• _WHAT YOU SHOULD DO_
From the entries below, count the lines holding the word "гюле" and give nothing but the number.

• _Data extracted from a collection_
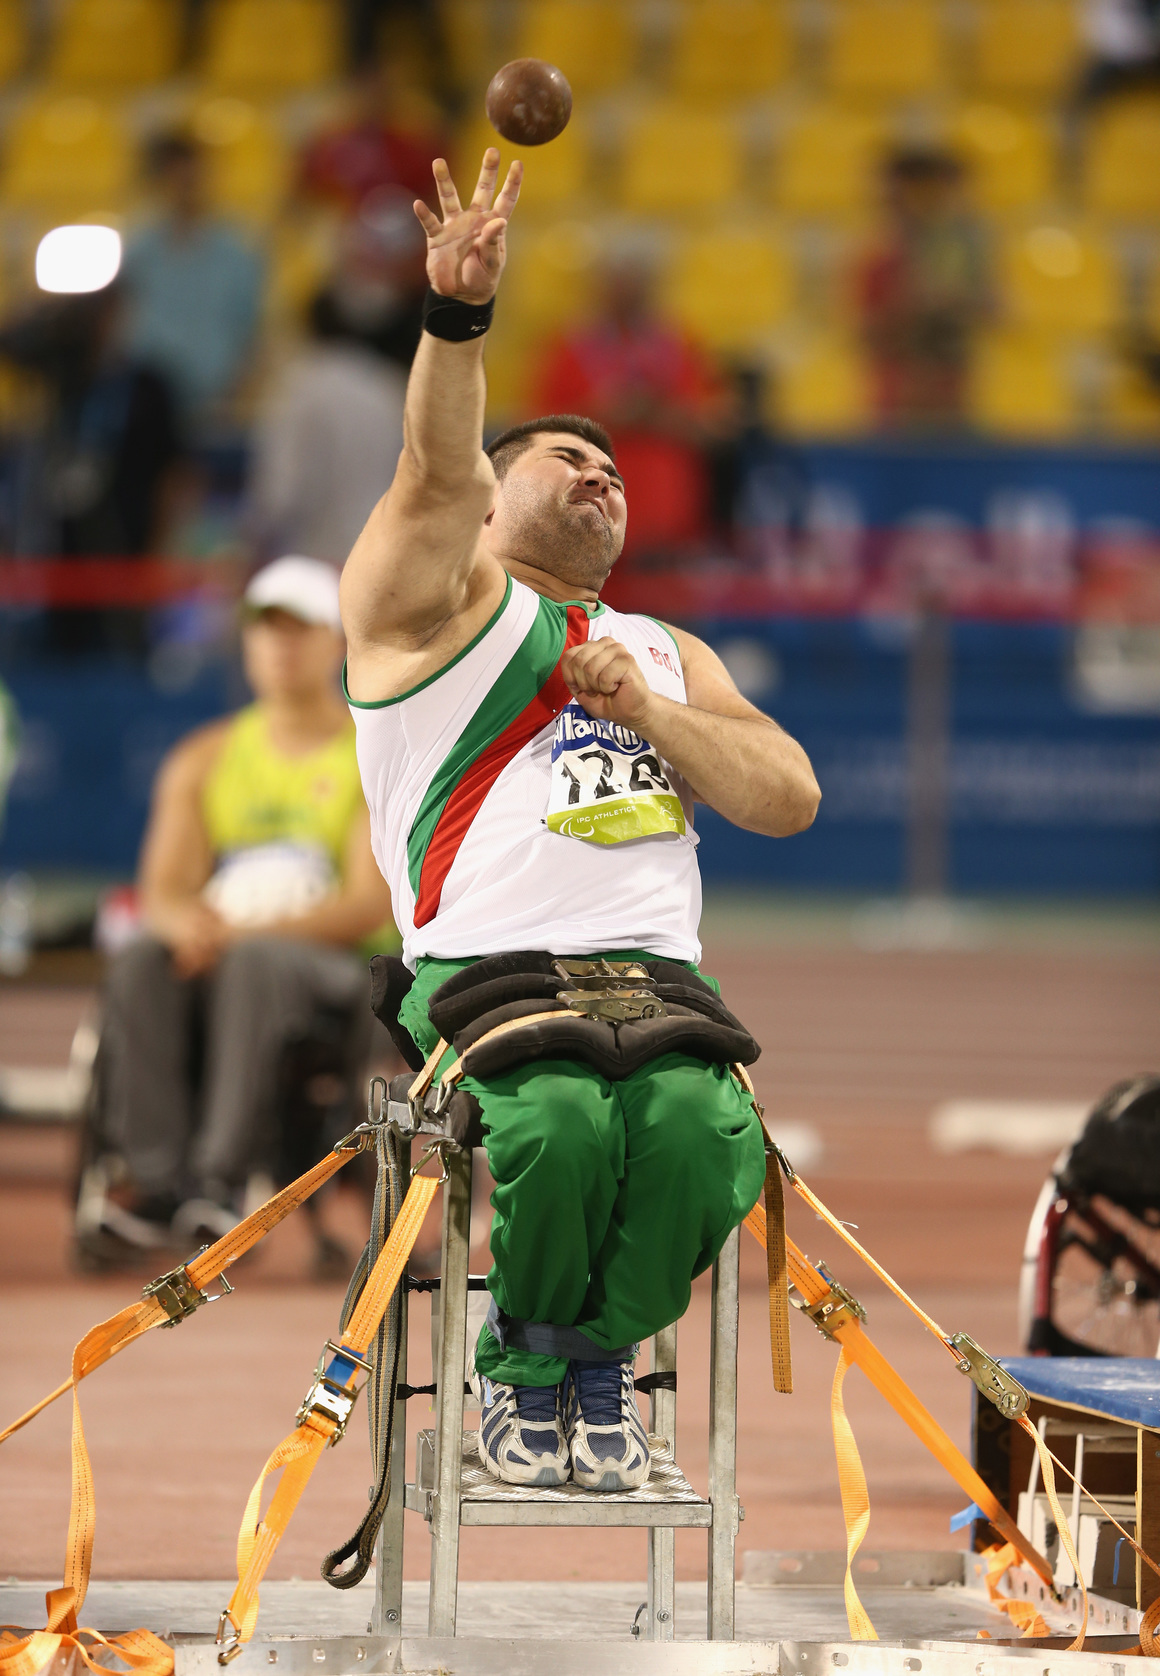 <p><strong>Пореден важен медал за Ружди Ружди</strong></p>

<p>Ружди Ружди прибави още един медал към колекцията си от Параолимпийски отличия - този път сребърен. След като в Рио де Жанейро през 2016 българинът спечели златото, сега остана втори в тласкането на гюле.</p>

<p>Той успя да запише постижение от 12.23 метра. Шампион стана бразилецът Уолъс Сантос, който постигна 12.63 м в последния си опит и подобри световния рекорд на Ружди от 2017 г., който беше 12.47 метра.</p>

<p>30-годишният българин е двукратен световен шампион в тласкането на гюле.</p>
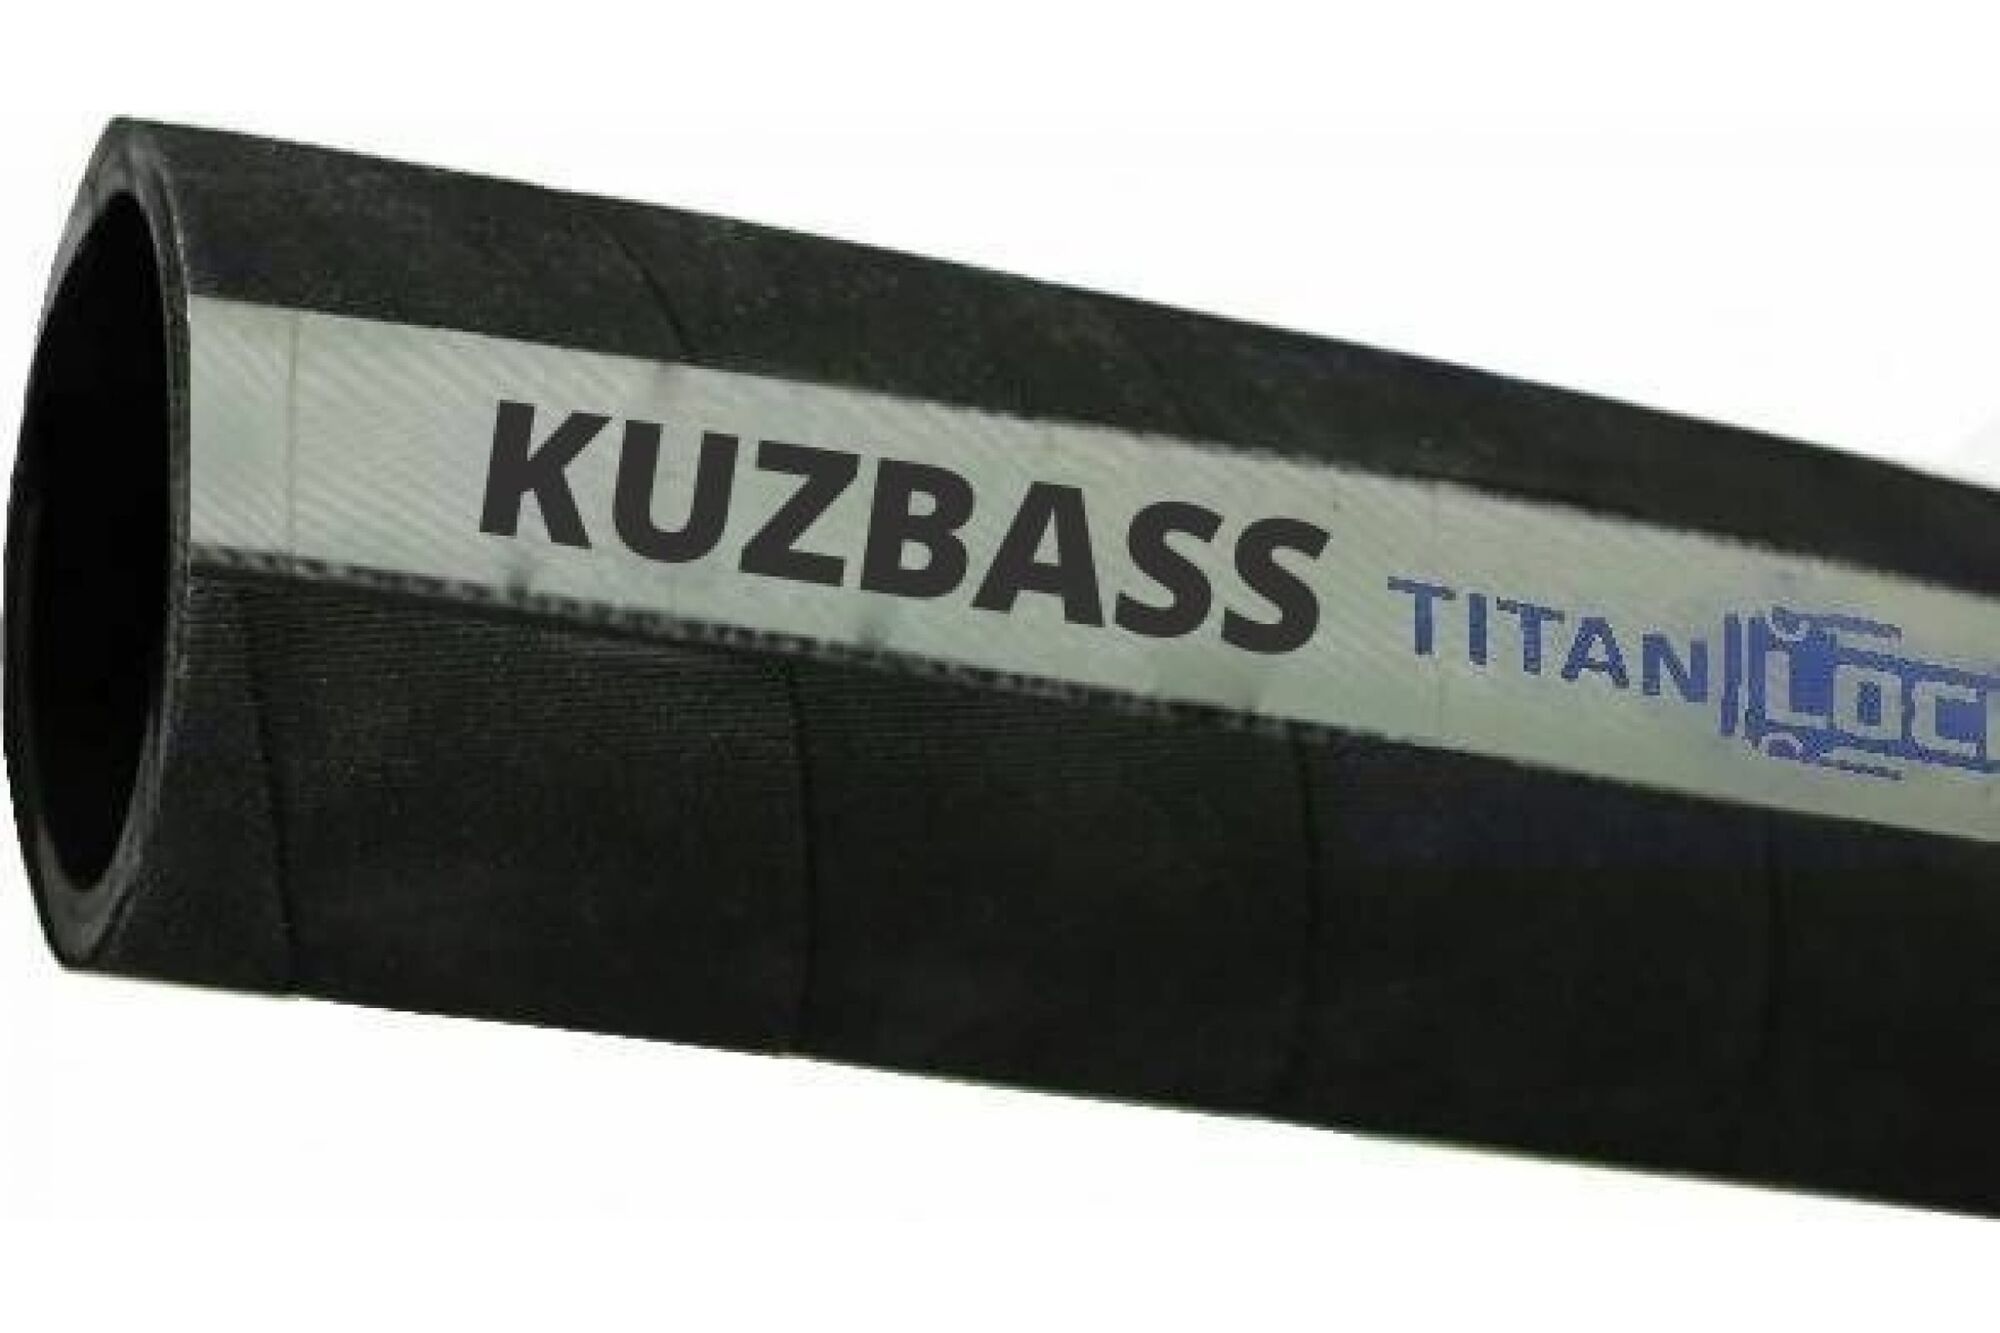 Рукав для сыпучих материалов и абразива TITAN LOCK'KUZBASS' внутренний диаметр 102 мм, 10 м, 4 in, 10 bar, н/в TL100KB

• _RESPONSE TO THIS TASK_
2